> [EXERCISE]:
Produce a word-for-word copy of the listing below without its pictures.

> [SUPPLIED INFORMATION]:
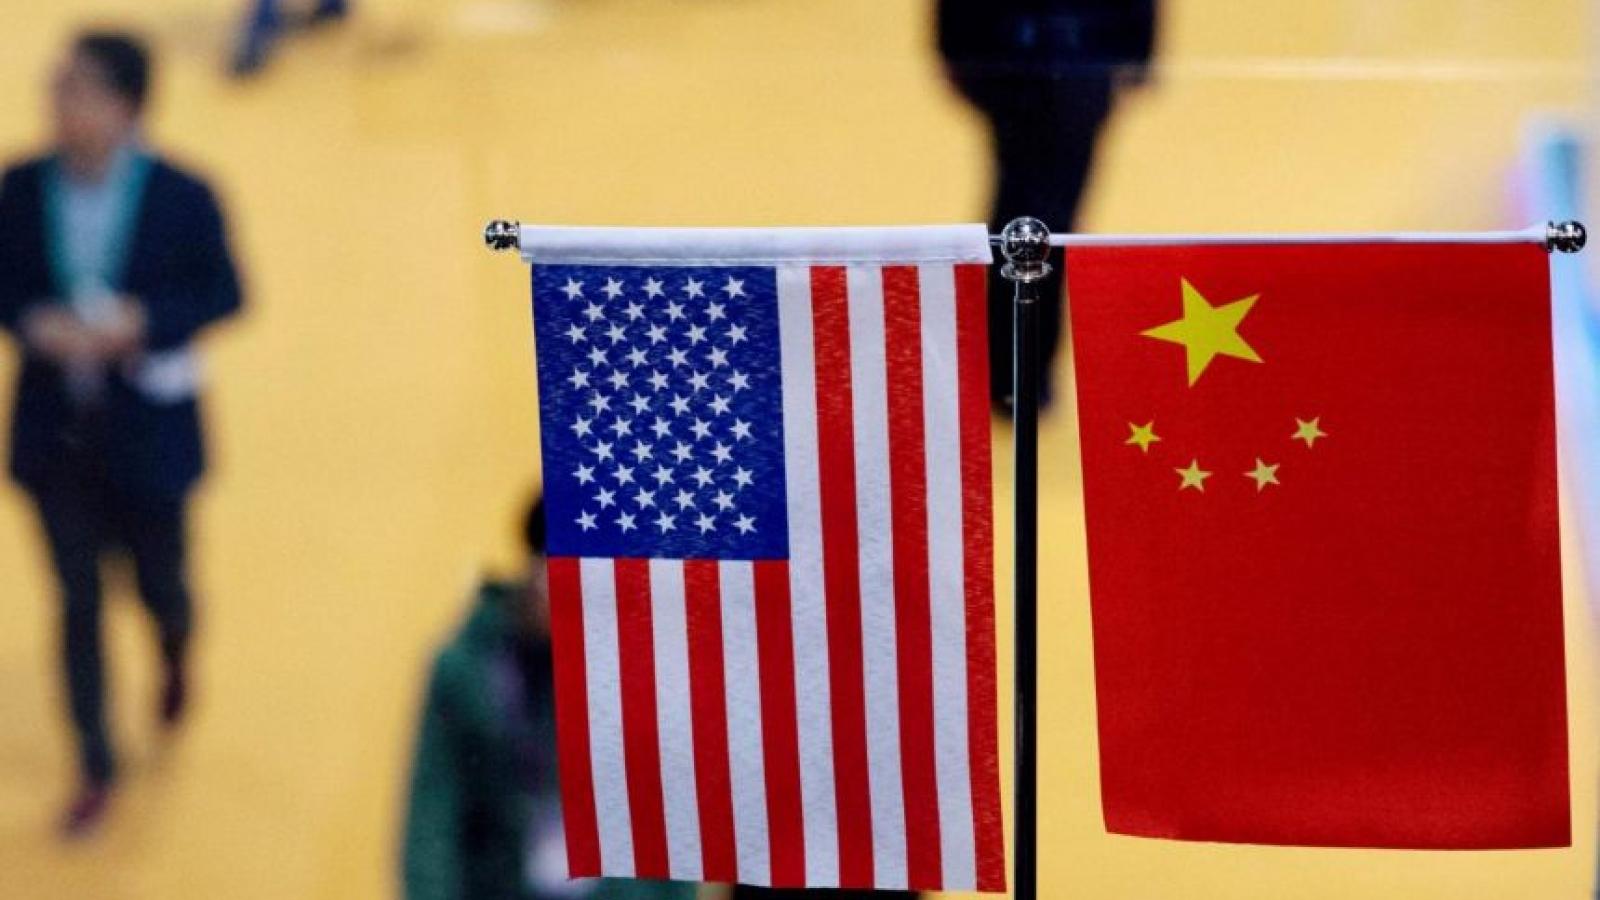 Mỹ xem xét lại thỏa thuận thương mại với Trung Quốc được ký dưới thời ông Trump
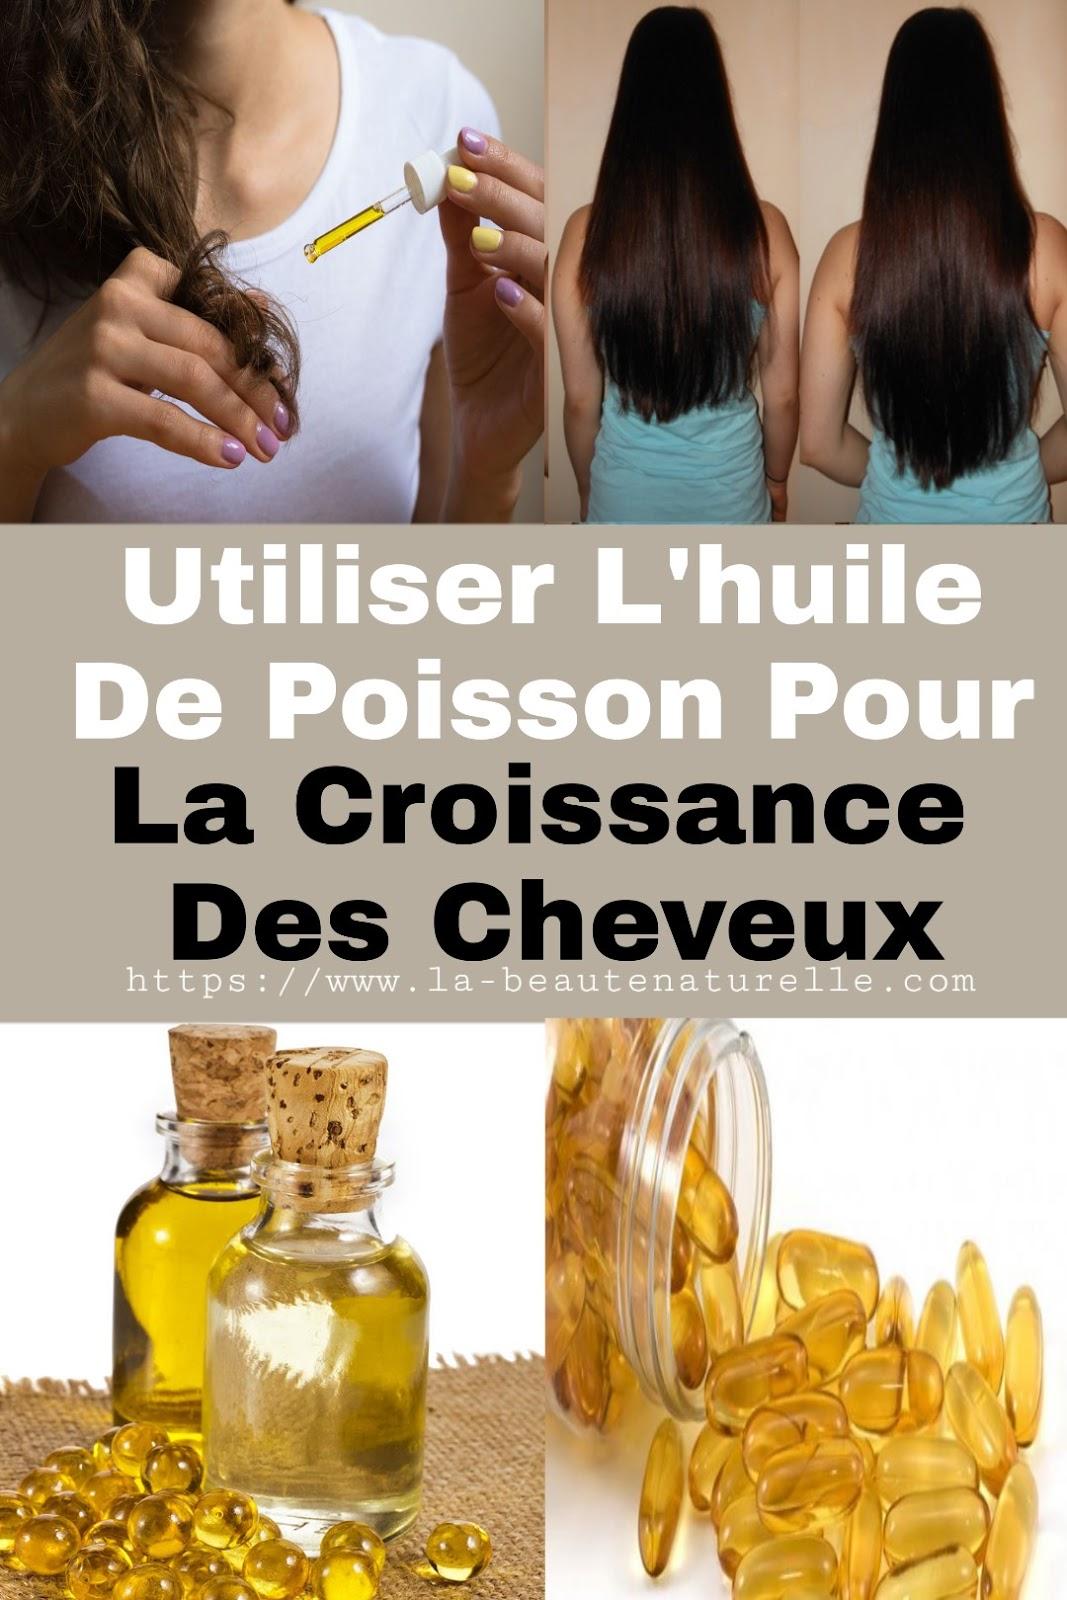 Utiliser L'huile De Poisson Pour La Croissance Des Cheveux
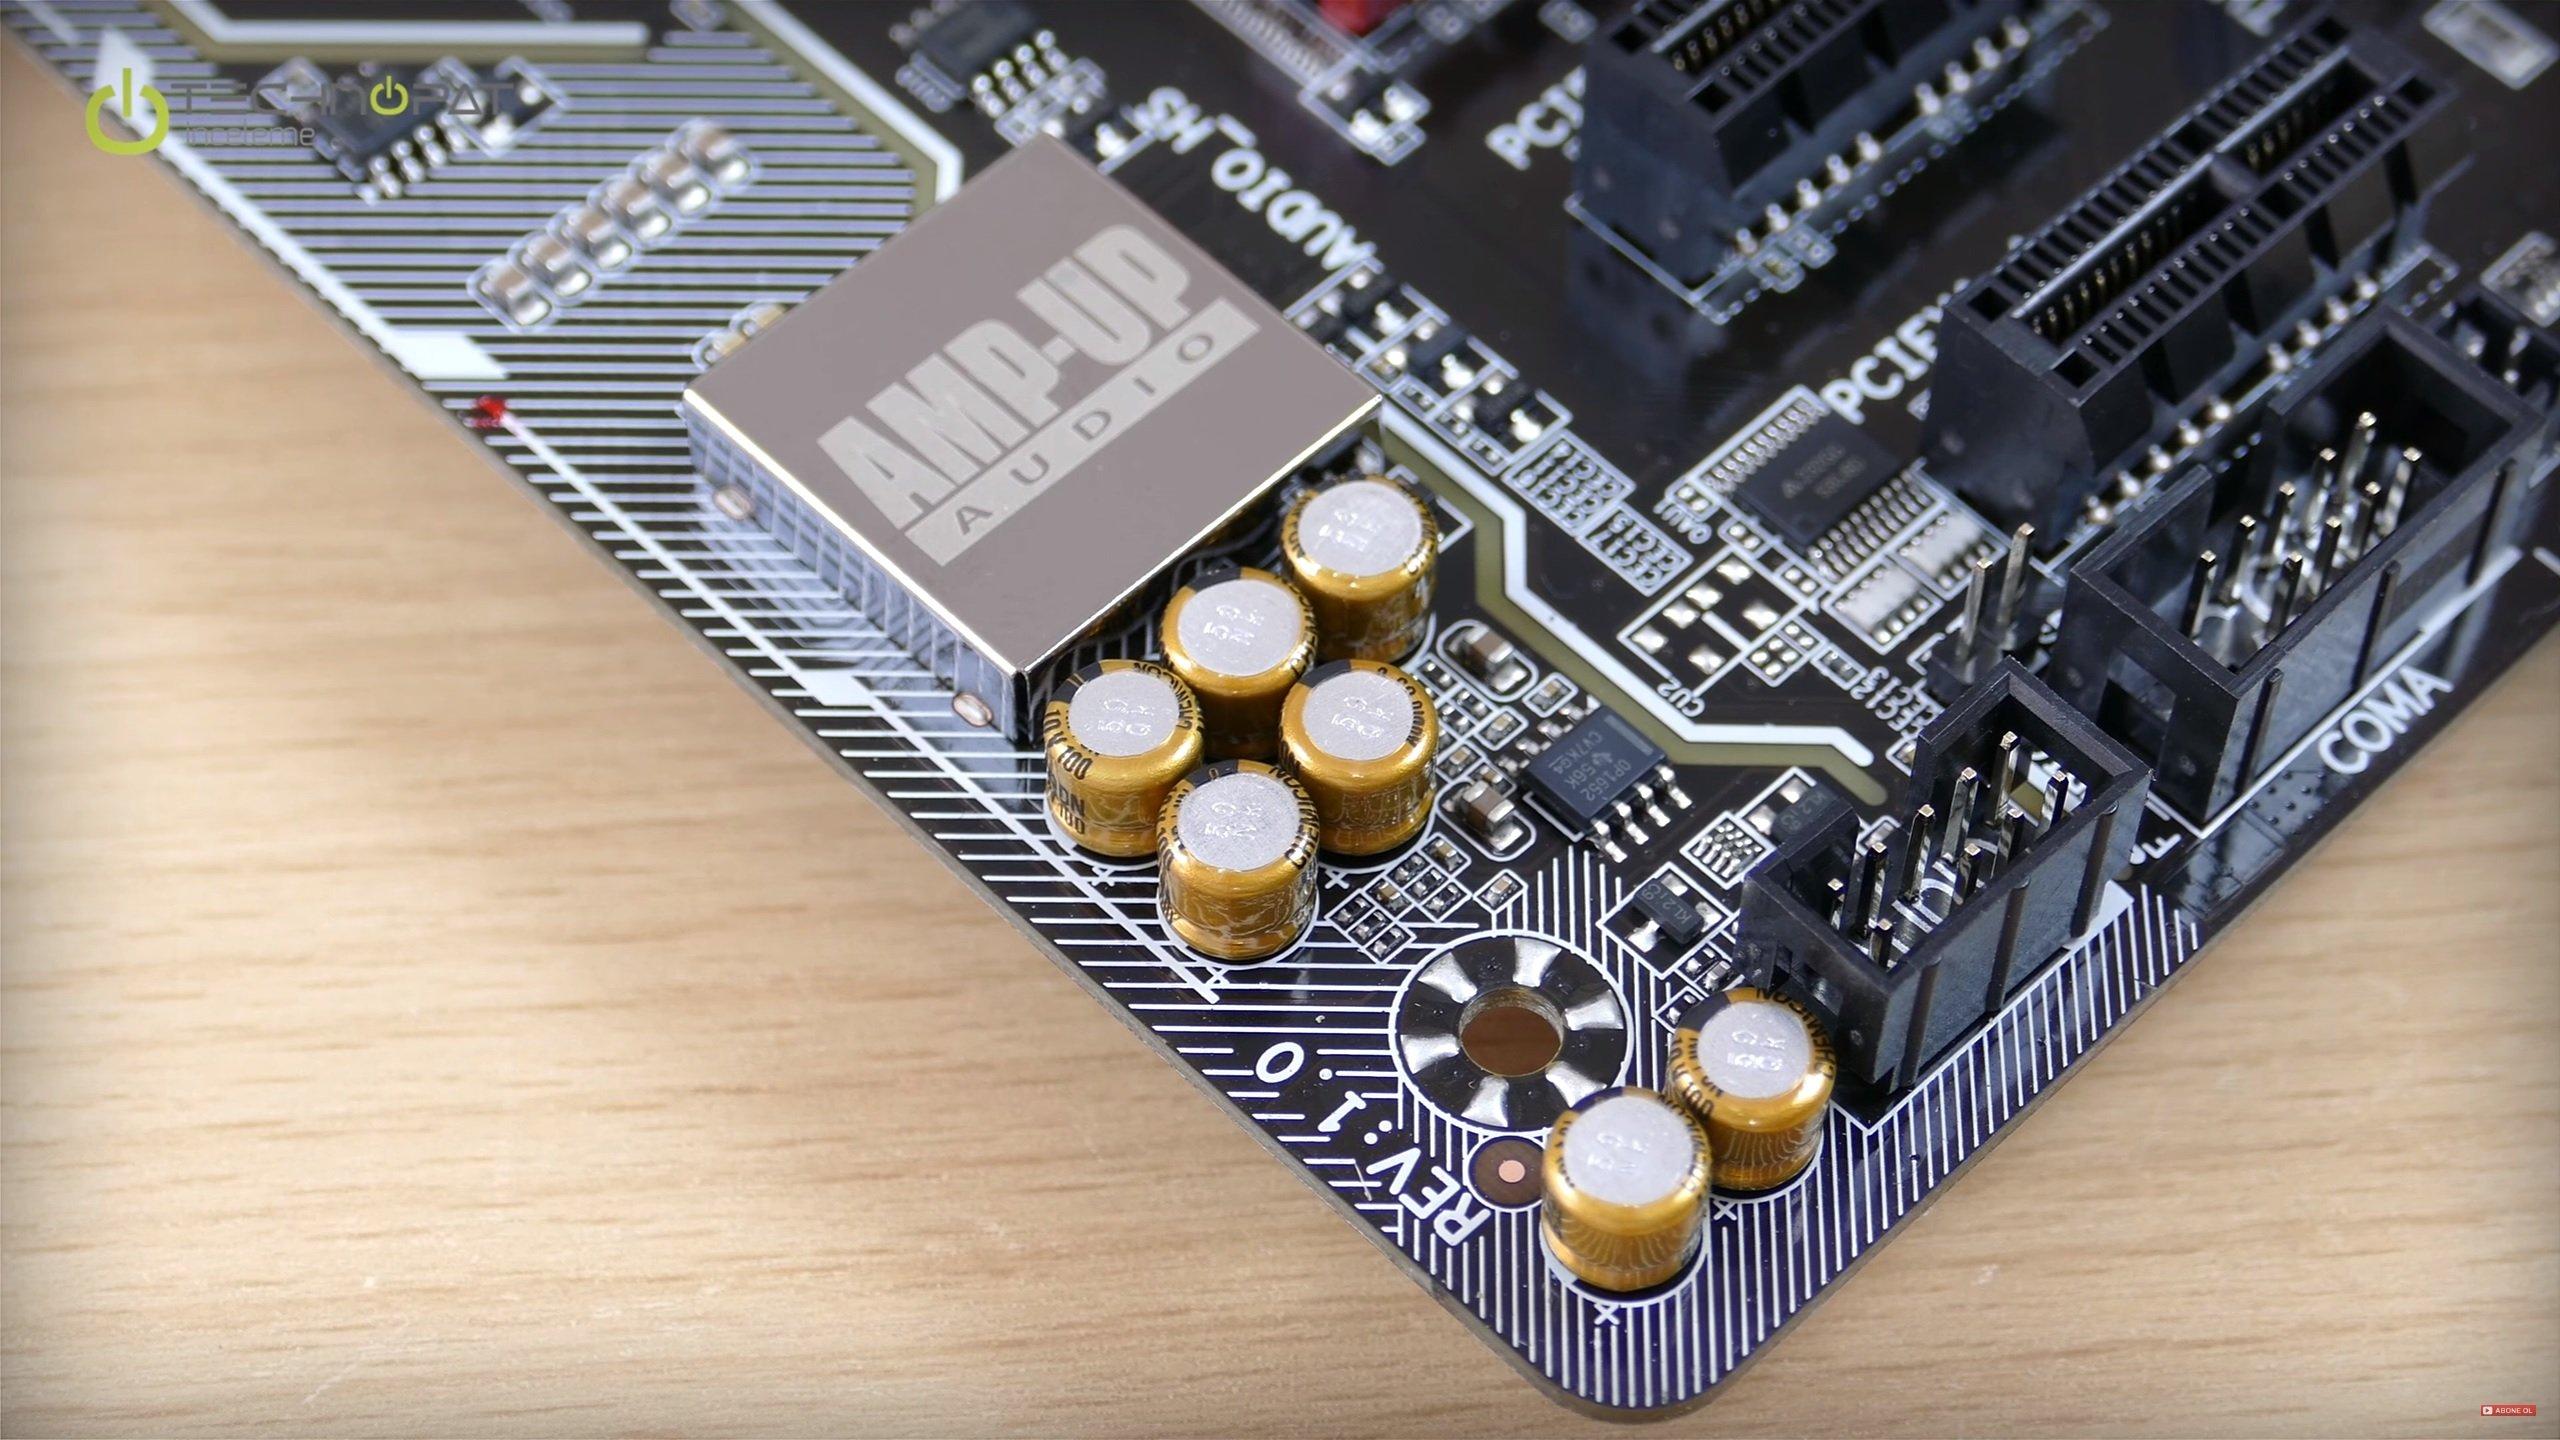 Ses yongası: Gigabyte Z170 Gaming K3 Anakart İncelemesi

> [PROBLEM SOLUTION]:
 Mỹ xem xét lại thỏa thuận thương mại với Trung Quốc được ký dưới thời ông Trump
 Utiliser L'huile De Poisson Pour La Croissance Des Cheveux
 Ses yongası: Gigabyte Z170 Gaming K3 Anakart İncelemesi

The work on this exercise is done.